我写了一段机器学习代码,它在Scala shell上运行得很好。我正在使用SBT编译代码并创建JAR。我使用了示例中的一些代码(例如Spark中的LocalLR和SparkPI)来尝试编译新项目文件夹中的代码。它们都编译成功但由于某些原因我的代码没有编译。我遵循所有目录约定但仍未成功。
Action
以下错误
import org.apache.spark.SparkContext
import org.apache.spark.mllib.evaluation._
import org.apache.spark.mllib.tree._
import org.apache.spark.mllib.regression.LabeledPoint
import org.apache.spark.mllib.linalg.Vectors
import org.apache.spark.mllib.tree.model._
import org.apache.spark.rdd._
import org.apache.spark.mllib.util.MLUtils
import org.apache.spark.mllib.classification.LogisticRegressionModel
object PredictOOS {
def getMetrics(model: DecisionTreeModel, data: RDD[LabeledPoint]):
MulticlassMetrics = {
val predictionsAndLabels = data.map(example =>
(model.predict(example.features), example.label)
)
new MulticlassMetrics(predictionsAndLabels)
}
def main(args: Array[String]) {
val conf = new SparkConf().setAppName("Predict OOS")
val spark = new SparkContext(conf)
val data = spark.textFile("D:/data/g1-svm.csv")
val parsedData = data.map { line =>
val parts = line.split(',').map(_.toDouble)
LabeledPoint(parts(0), Vectors.dense(parts.tail))
}
val splits = parsedData.randomSplit(Array(0.8, 0.2), seed = 11L)
val training = splits(0).cache()
val test = splits(1)
val model = DecisionTree.trainClassifier(training, 2, Map[Int,Int] (), "gini", 20, 300)
val metrics = getMetrics(model, test)
println(" confusionMatrix is generated")
spark.stop()
}
}
请告知我是否遗漏了任何东西。我很长时间都被困在这个编译部分..非常感谢任何帮助
这是对原始帖子的修改。上面的代码编译成功但在我将输出写入文件时失败了。
D:\ScalaApps\sparklr>cd ../oos
D:\ScalaApps\oos>sbt
Java HotSpot(TM) 64-Bit Server VM warning: ignoring option MaxPermSize=256m; sup
port was removed in 8.0
[info] Set current project to Proj_oos (in build file:/D:/ScalaApps/oos/)
> compile
[info] Compiling 1 Scala source to D:\ScalaApps\oos\target\scala-2.11\classes...

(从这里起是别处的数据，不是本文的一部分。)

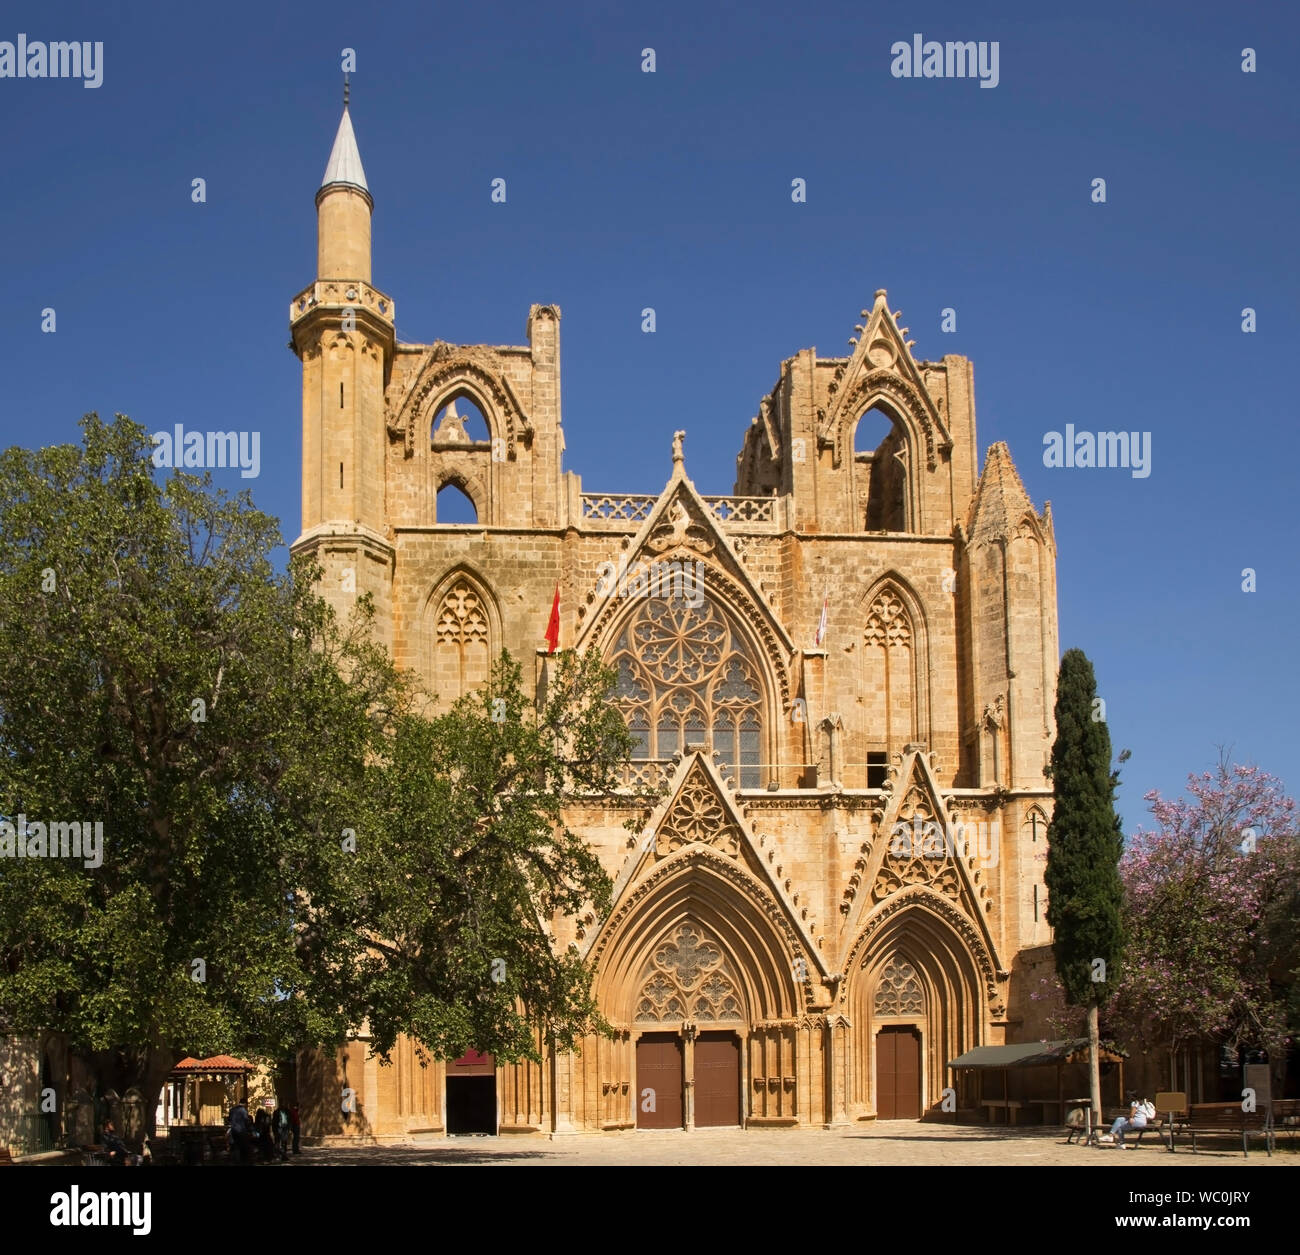 Moschea di Lala Mustafa Pasha - Cattedrale di San Nicola a Famagosta. Cipro Foto Stock

[error] D:\ScalaApps\oos\src\main\scala\oos.scala:5: not found: type MulticlassM
etrics
[error] MulticlassMetrics = {
[error] ^
[error] D:\ScalaApps\oos\src\main\scala\oos.scala:4: not found: type DecisionTre
eModel
[error] def getMetrics(model: DecisionTreeModel, data: RDD[Label
edPoint]):
[error] ^
[error] D:\ScalaApps\oos\src\main\scala\oos.scala:4: not found: type RDD
[error] def getMetrics(model: DecisionTreeModel, data: RDD[Label
edPoint]):
[error] ^
[error] D:\ScalaApps\oos\src\main\scala\oos.scala:9: not found: type MulticlassM
etrics
[error] new MulticlassMetrics(predictionsAndLabels)
[error] ^
[error] D:\ScalaApps\oos\src\main\scala\oos.scala:19: not found: value LabeledPo
int
[error] LabeledPoint(parts(0), Vectors.dense(parts.tail)
)
[error] ^
[error] D:\ScalaApps\oos\src\main\scala\oos.scala:19: not found: value Vectors
[error] LabeledPoint(parts(0), Vectors.dense(parts.tail)
)
[error] ^
[error] D:\ScalaApps\oos\src\main\scala\oos.scala:25: not found: value DecisionT
ree
[error] val model = DecisionTree.trainClassifier(trainin
g, 2, Map[Int,Int](), "gini", 20, 300)
[error] ^
[error] 7 errors found
[error] (compile:compileIncremental) Compilation failed
[error] Total time: 5 s, completed Dec 4, 2015 10:39:22 PM
>
错误
metrics.confusionMatrix.saveAsTextFile("D:/spark4/confMatrix2")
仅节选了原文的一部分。